Ex-Goldman banker Roger Ng’s fate now in hands of jury


(BLOOMBERG): The fate of former Goldman Sachs banker Roger Ng, who is accused of conspiring to loot billions of dollars from Malaysian wealth fund 1MDB, is now in the jury’s hands.

The jurors, in federal court in Brooklyn, New York, began deliberating on the charges – conspiring to violate United States anti-bribery laws and to launder money – after the judge instructed them on the law Tuesday (April 5) afternoon.

Ng is the only Goldman Sachs Group Inc banker to go to trial in a case that saw the firm pay US$5bil (RM21bil) in penalties and its Malaysian unit plead guilty, one of the biggest blows to Goldman in its history.

Prosecutors called Ng a critical player in a bribe-paying and money-laundering scheme masterminded by Malaysian financier Low Taek Jho, better known as Jho Low, in which US$2.7bil (RM11.4bil) was siphoned from the fund, 1Malaysia Development Bhd. Goldman arranged bond deals for 1MDB.

The trial, which began with opening statements on Feb 14, featured Ng’s former boss, Tim Leissner, as the government’s star witness.

Leissner pleaded guilty and is cooperating with the US, for which he could win leniency at sentencing. Jho Low alone collected at least US$1.42bil (RM6bil) from the fraud, while he allegedly paid Ng US$35.1mil (RM148mil) in kickbacks and Leissner received more than US$60mil (RM253mil), according to the US.

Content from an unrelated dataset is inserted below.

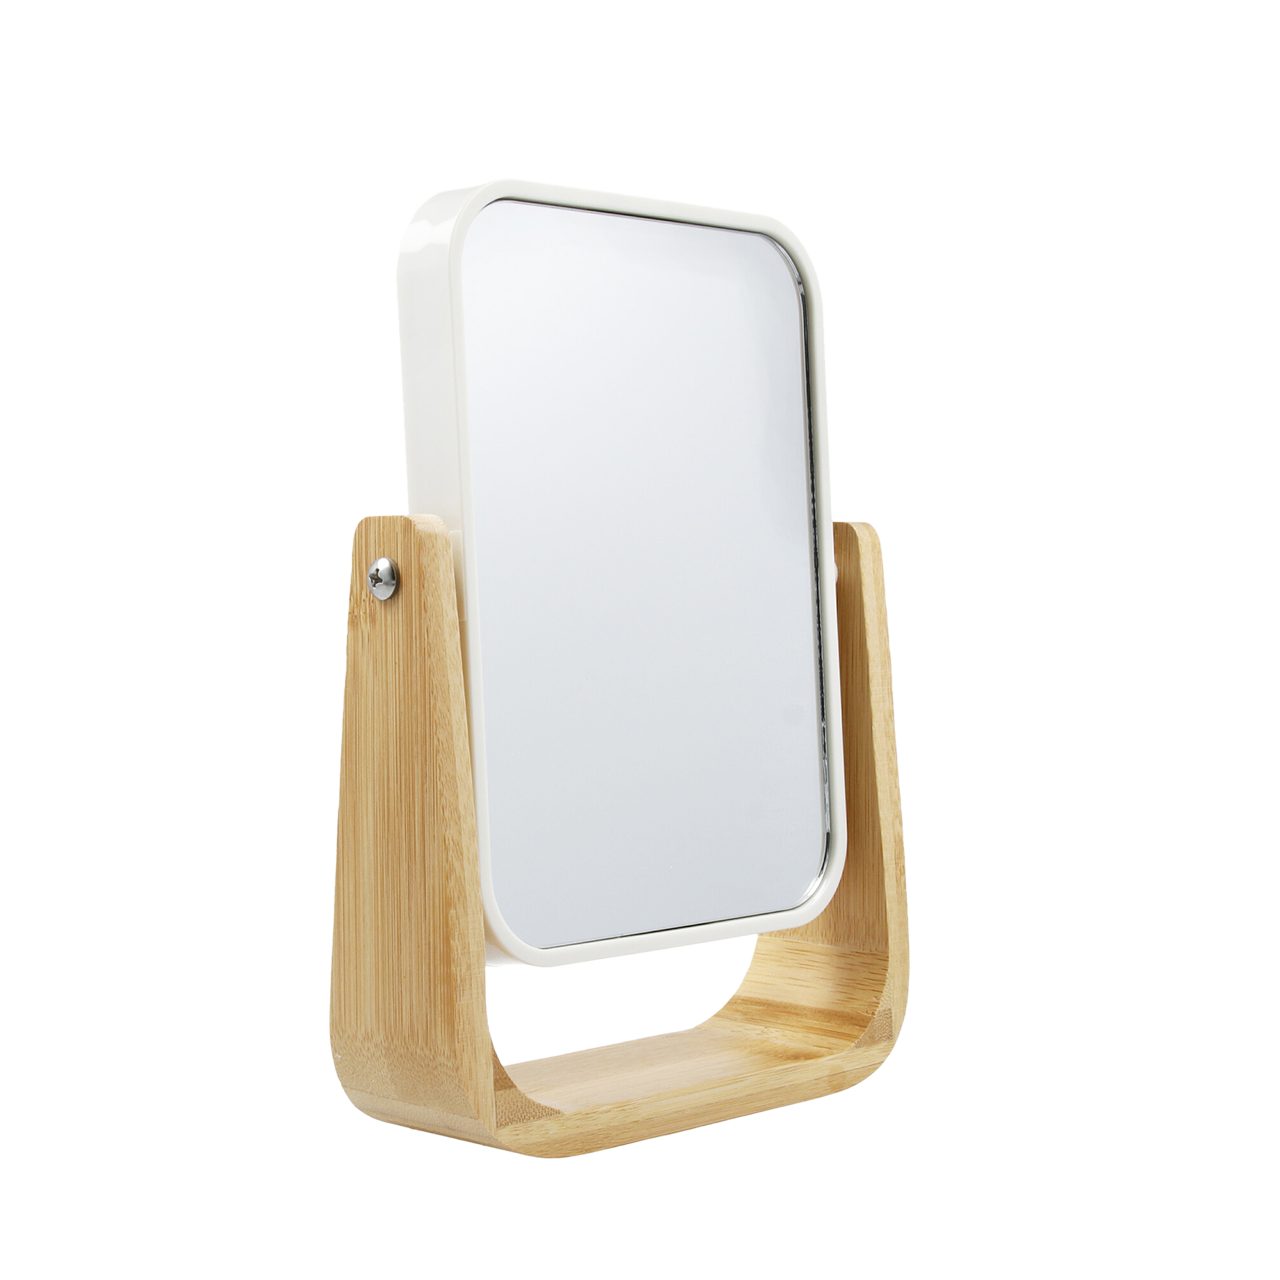 Vergrößerung Spiegel mit 5-fach Beauty Bambusspiegel PARSA

Ng, 49, faces as many as 30 years in prison if convicted on all counts.

Leissner, who was Goldman’s South-East Asia chairman, was the highest-ranking Goldman banker to plead guilty to the scheme to plunder 1MDB while Ng was the firm’s head of investment banking in Malaysia.

Low, who the United States says bribed government officials in Malaysia and Abu Dhabi to win the business for Goldman – and a jackpot for himself – is still at large. Former Malaysian prime minister Datuk Seri Najib Razak was convicted in Malaysia in 2020 on charges including money laundering and corruption and sentenced to 12 years in prison. He is appealing.

The case is US v Low Taek Jho, 18-cr-538, US District Court, Eastern District of New York (Brooklyn).